Preparing for a successful job search is easier when you start with these 3 questions. You can clarify your purpose, increase your motivation, gain control of your career, and get faster and better results in your job search.


These questions can also help you discover your resources and options, take active control of your life, and stop repeating mistakes to get MORE out of your career.

And it all starts with the first question…

#1 WHY?

Although it might sound overly simplistic, it really is necessary to make sure you can answer, at least to yourself, why you’re searching for a new job. Looking for a new job isn’t an effortless endeavor, and any project without a purpose isn’t likely to be completed.

When hitting a rough patch, it’s common for anyone to ask themselves—“Why AM I doing this, anyway?” If there isn’t a good answer, it’s hard to remain motivated! It is also important to consider the fact that “Why did you apply for this job?” is a common job interview question—precisely because it reveals an applicant’s preparedness and level of motivation.

If you’re not employed, the answer is obvious. But if you’re currently employed, asking yourself why you’re looking for a new job—- can help you avoid running into the same situation you’re trying to escape.

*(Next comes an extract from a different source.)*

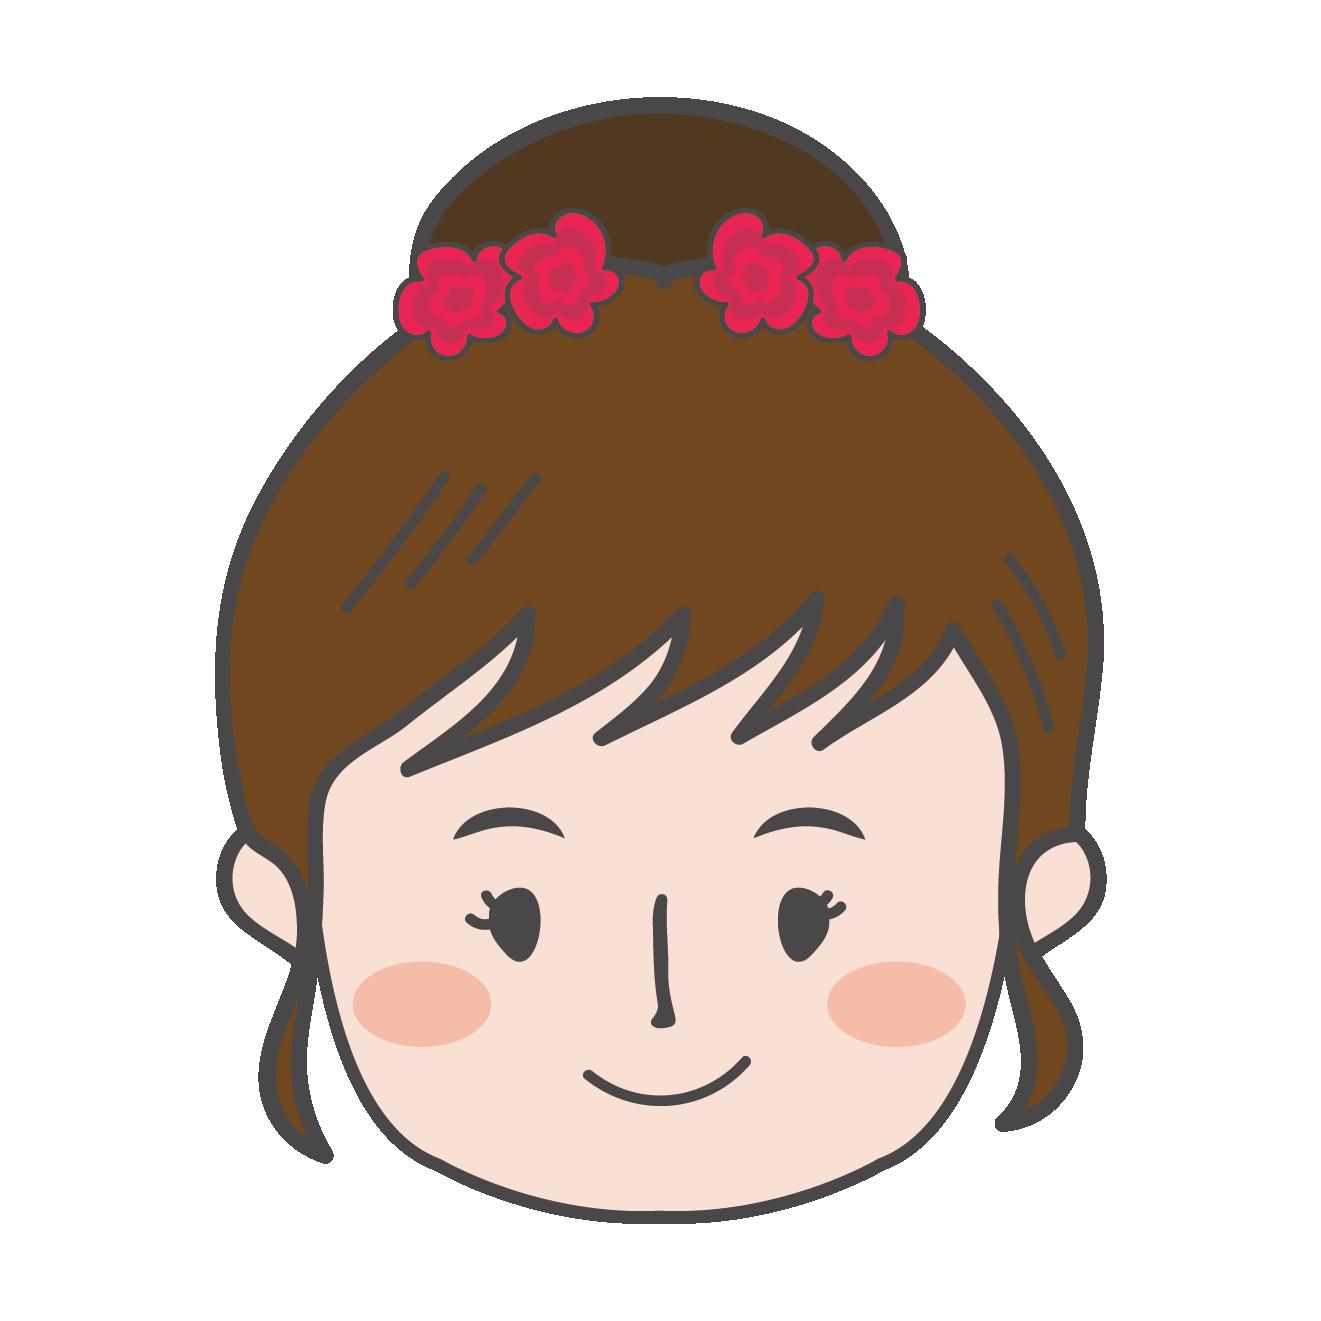 お団子ヘアーの女の子2 イラスト顔アップ 商用フリー無料の
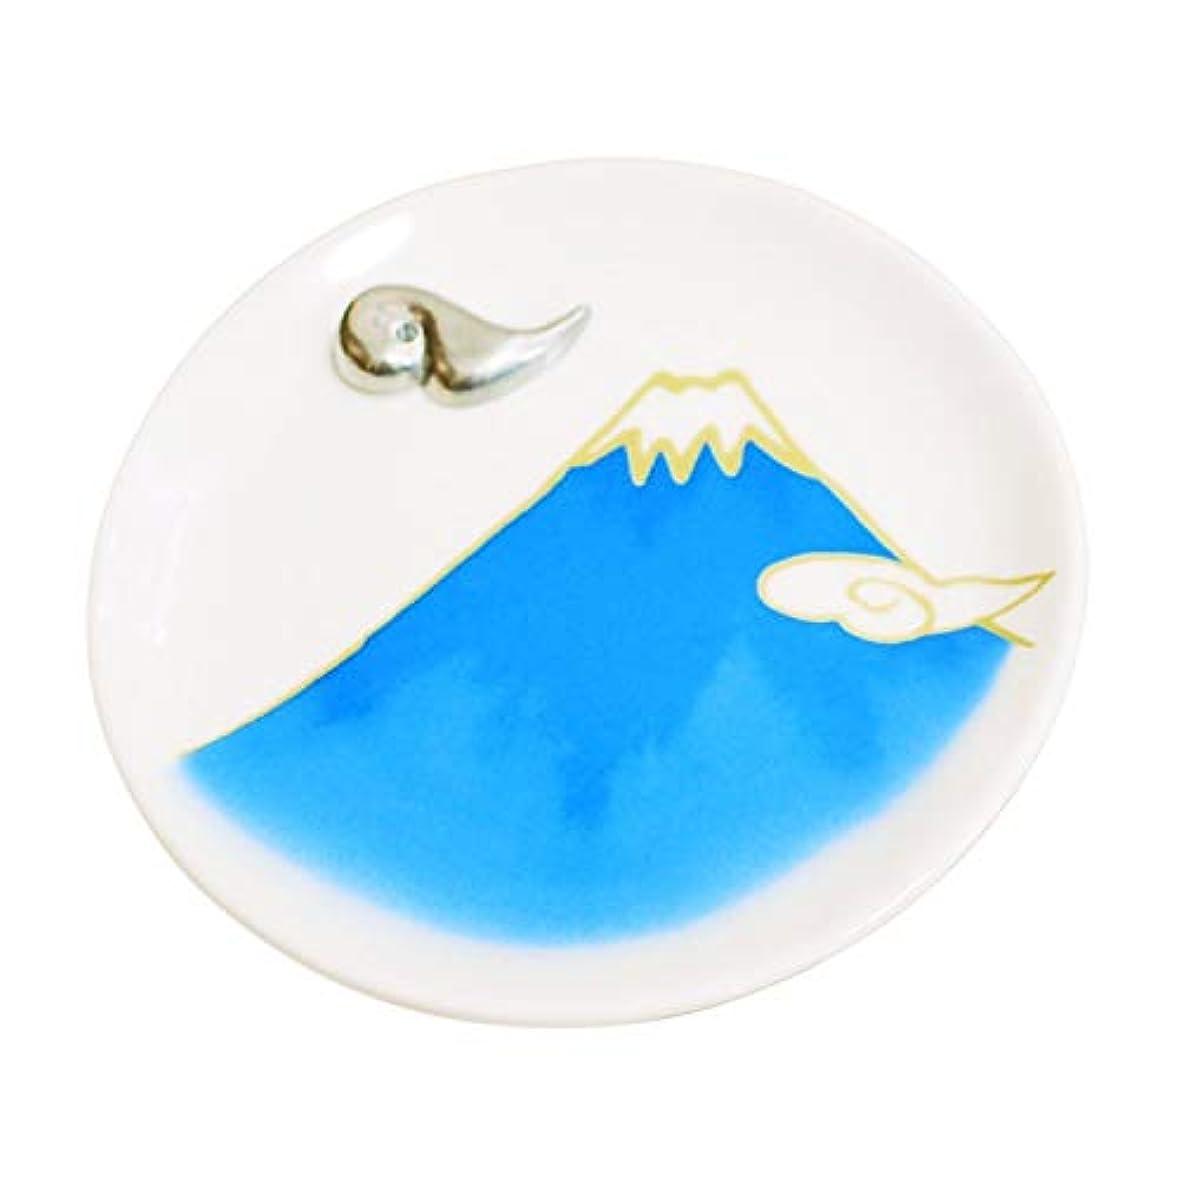 アラスカ均等にスペード香皿 富士山 ブルー 雲型香立て付 青富士 香立 お線香立て Cセット

It’s quite common for jobseekers to try to leave a bad situation, only to find it follows them to each new job, which can feel like you’re walking around with a “kick me” sign on your back.

Escaping a Dead End

A “dead end” is a common reason to pursue new opportunities. It’s important to look at why you’ve reached a dead end, so that you can avoid this problem at your next job.

Demand and regulations can change any industry or company, but there are often warning signs.


  • Has demand decreased for your industry?
  • Are new regulations/new trends hurting the industry?


  • Why is company not growing?
  • Are the companies you’re interested in growing?


  • Are you not qualified for a promotion?
  • Do you/Did you not have a career goal?

Escaping Interpersonal Problems

Conflict with a boss or co-worker can make escape seem like the simplest option. But don’t forget—you could get stuck with someone who is just as bad, or even worse at your new position. This is one of many reasons why attempting to repair your current situation could be a better long-term option.

Leaving your current position could include the loss of seniority and benefits. If you find yourself in a similar situation at the next position, you will have endured a loss, only to experience what you once tried to escape.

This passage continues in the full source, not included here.